Yale researchers have developed a methodology for governments and corporations to determine the availability of critical metals, according to a paper in Environmental Science & Technology.
In "Methodology of Metal Criticality Determination," the researchers evaluate the importance of scarce metals using a methodology that determines their supply risk, environmental implications, and vulnerability to supply restriction.
"In the past few years, a number of organizations have attempted to evaluate metal criticality, but the methods used have varied widely and so have the results," said Thomas Graedel, Clifton R. Musser Professor of Industrial Ecology at Yale. "This is the first time that this topic has been addressed in the peer-reviewed literature."
The criticality methodology, based on a U.S. National Research Council template, is designed to help corporations and national governments evaluate the risk of not having access to critical metals and to inform strategic decision-making around resource use.
"If you're a corporation, you don't want to design and manufacture something only to find out that you don't have important materials," he said.

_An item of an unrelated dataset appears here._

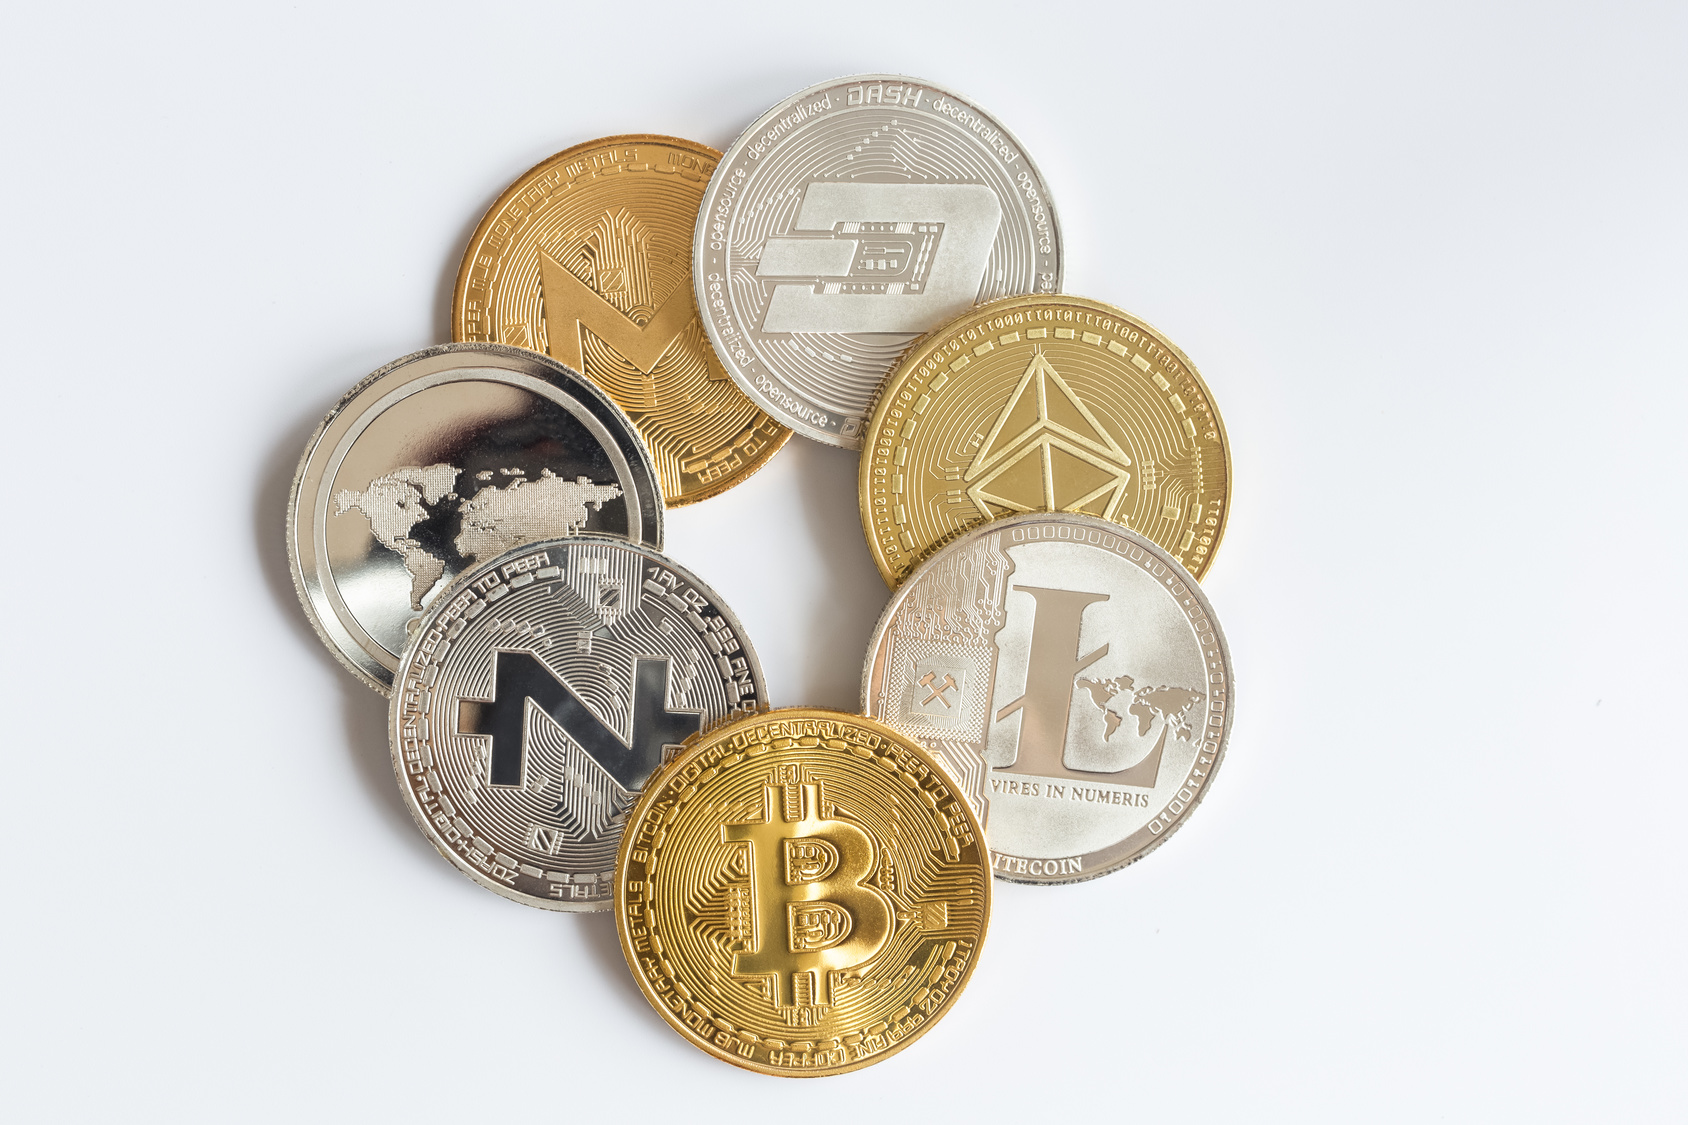 The Top 10 Altcoins You Need to Watch in 2019 and Beyond
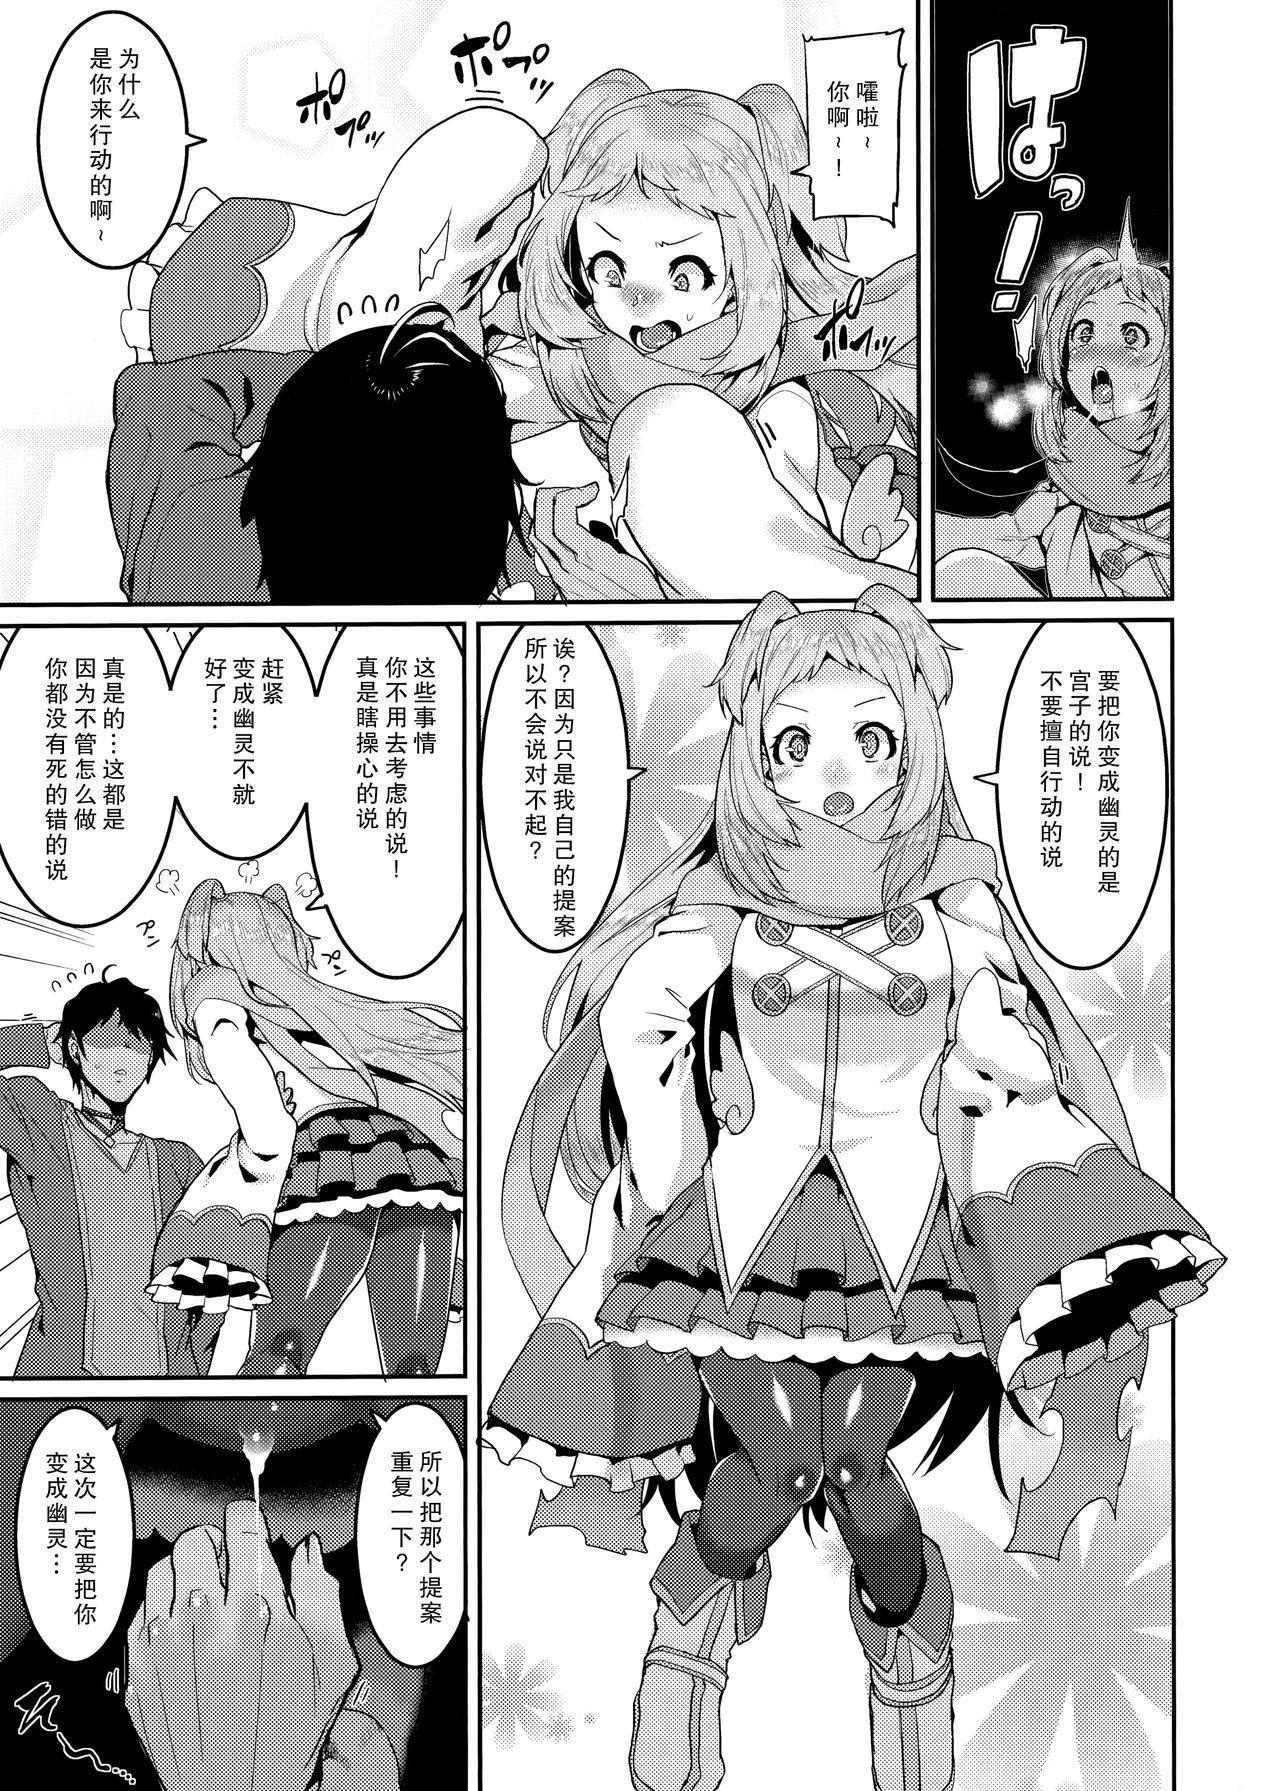 Gay Cumjerkingoff (C96) [HBO (Henkuma)] Pudding Switch (Princess Connect! Re:Dive) [Chinese] 【零食汉化组】 - Princess connect Gay Clinic - Page 8

The criticality methodology evaluates supply risk for entities that use metals on the basis of three components: geological, technological and economic; social and regulatory; and geological. The first of these components measures the potential availability of a metal's supplies, and the latter two address the degree to which the availability of the supply might be constrained.
According to the paper, the most obvious questions related to a metal's availability in the ground are how much there is, whether it is technologically feasible to obtain, and whether it is economically practical to do so.
Regulations and social attitudes can either impede or expedite the development of mineral resources. For example, communities are aware of the potential for environmental damage from tailings ponds and may resist the development of a new mine.
Governmental policies, actions and stability can significantly affect the ability to obtain mineral resources. Graedel said that, in general, the more concentrated the mineral deposits in one area, the higher the risk of supply restriction.
"This work was stimulated by China's attempt to horde rare earth metals, which are being almost entirely mined and processed in China," said Graedel. "We asked ourselves: How do you know what's scarce? If you know a metal is scarce, how do you know if you should worry about it? We think this methodology has substantial legitimacy."